-- Task to carry out --
The answer must give back every line of the data exactly, with no pictures.

-- Dataset excerpt --
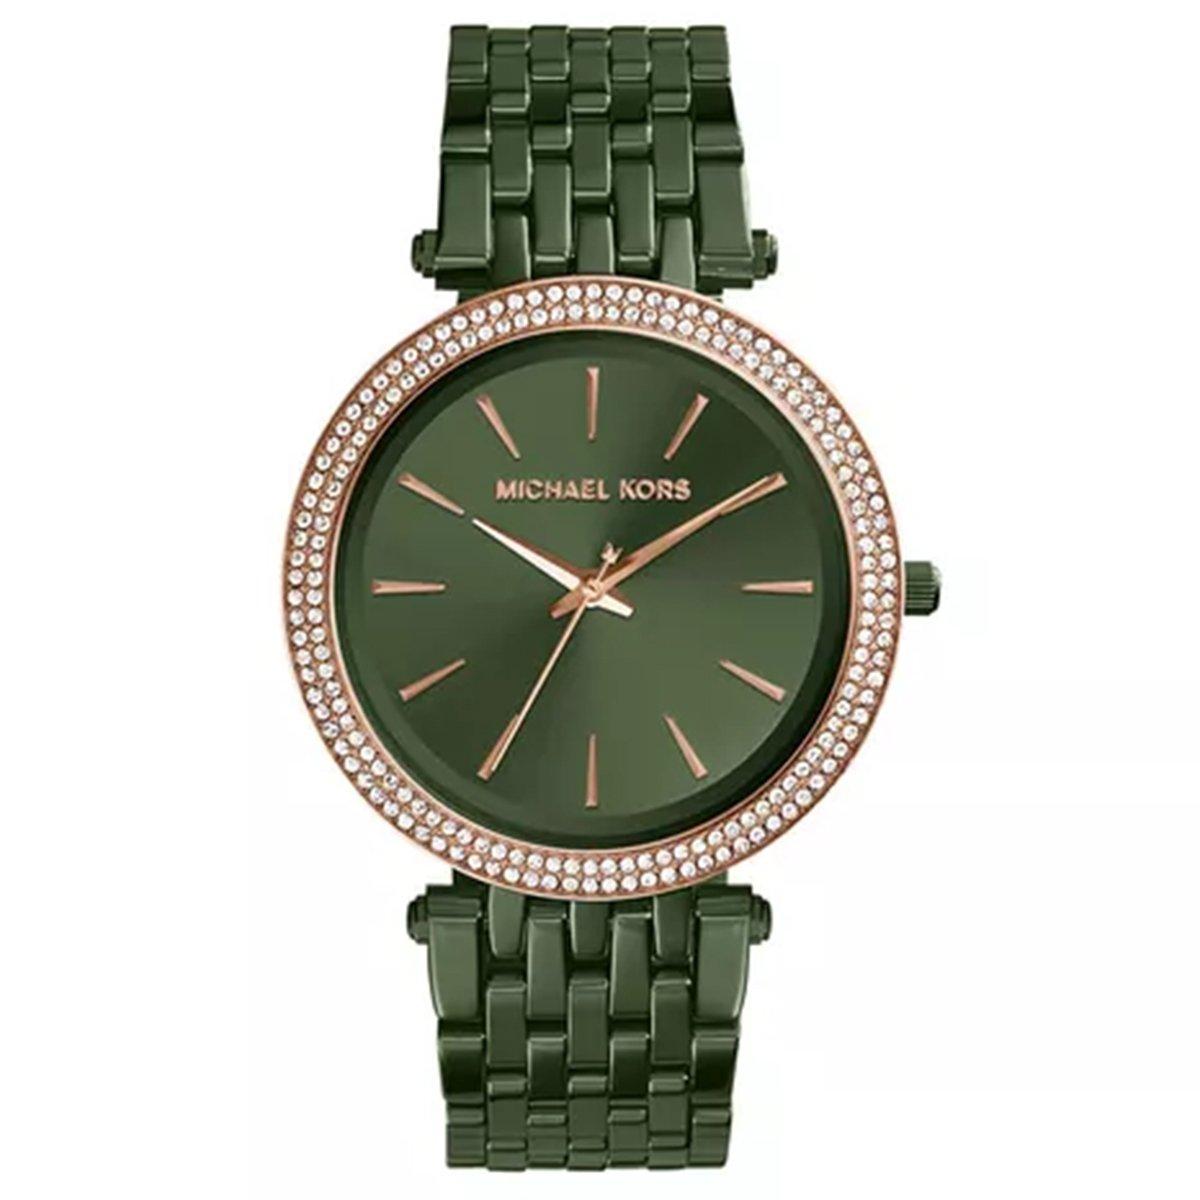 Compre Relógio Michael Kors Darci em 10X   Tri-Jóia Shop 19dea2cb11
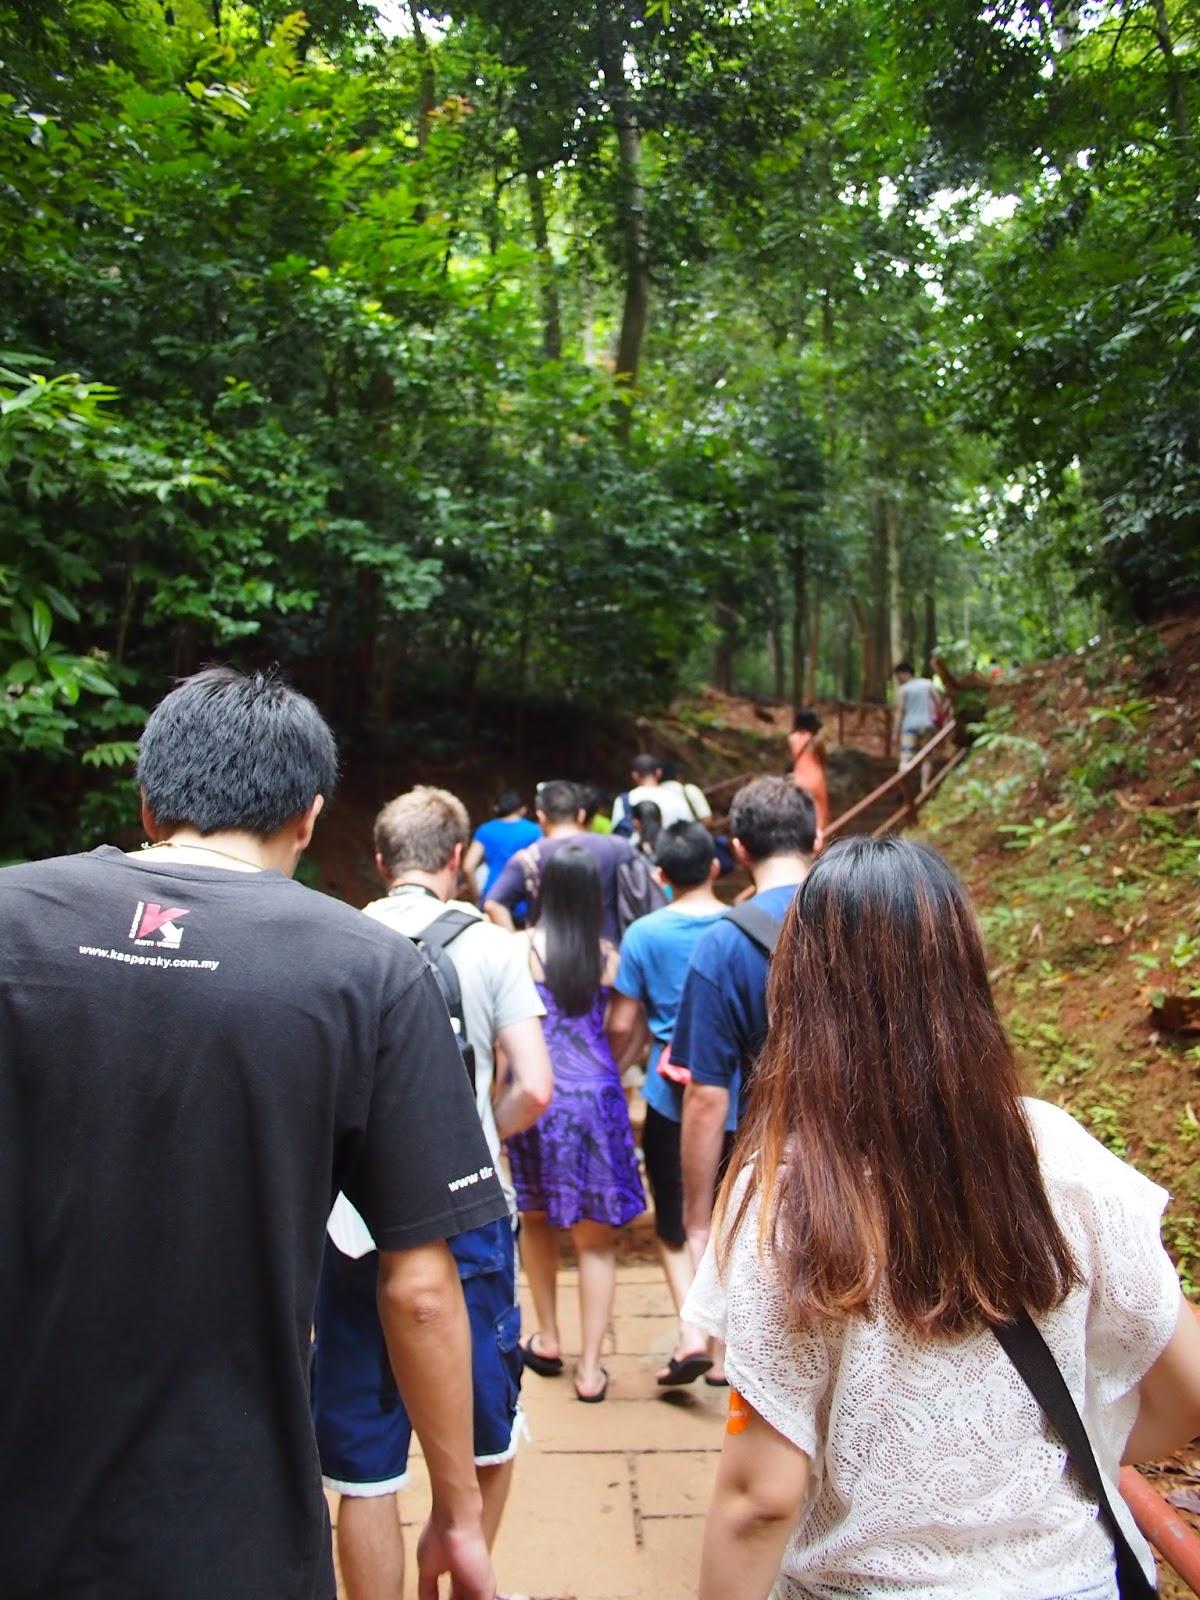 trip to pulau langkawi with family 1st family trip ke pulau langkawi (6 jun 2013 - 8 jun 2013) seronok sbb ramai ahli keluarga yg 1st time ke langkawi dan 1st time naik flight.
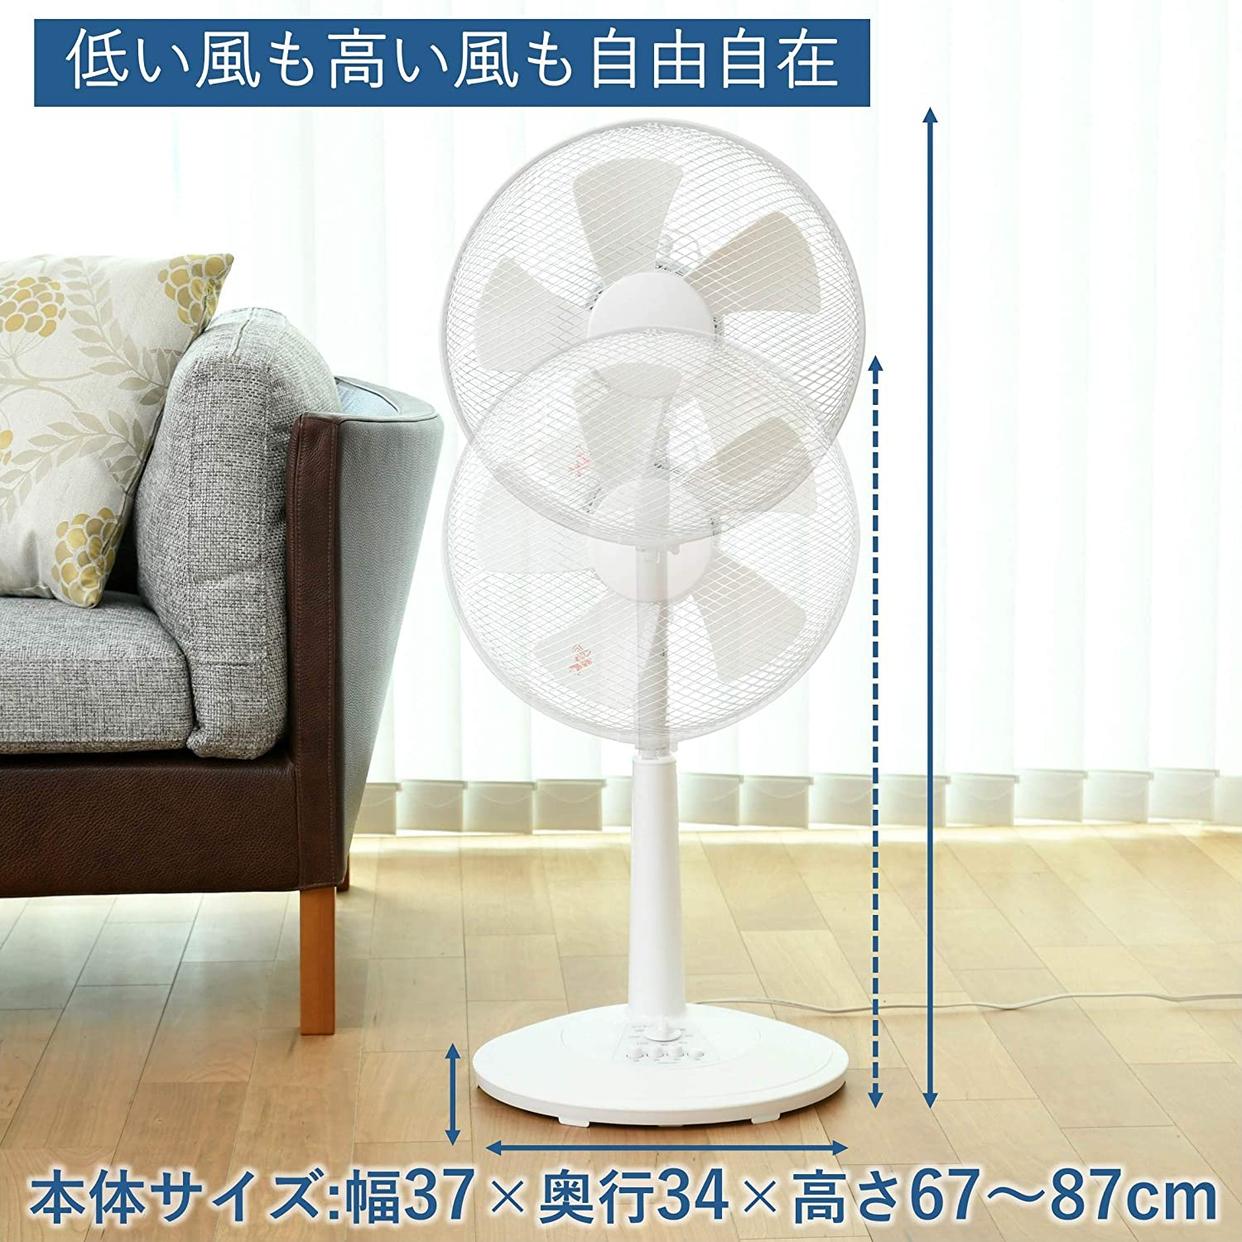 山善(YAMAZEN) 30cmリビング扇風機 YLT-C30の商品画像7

-- Task answer --
 Compre Relógio Michael Kors Darci em 10X   Tri-Jóia Shop 19dea2cb11
 trip to pulau langkawi with family 1st family trip ke pulau langkawi (6 jun 2013 - 8 jun 2013) seronok sbb ramai ahli keluarga yg 1st time ke langkawi dan 1st time naik flight.
 山善(YAMAZEN) 30cmリビング扇風機 YLT-C30の商品画像7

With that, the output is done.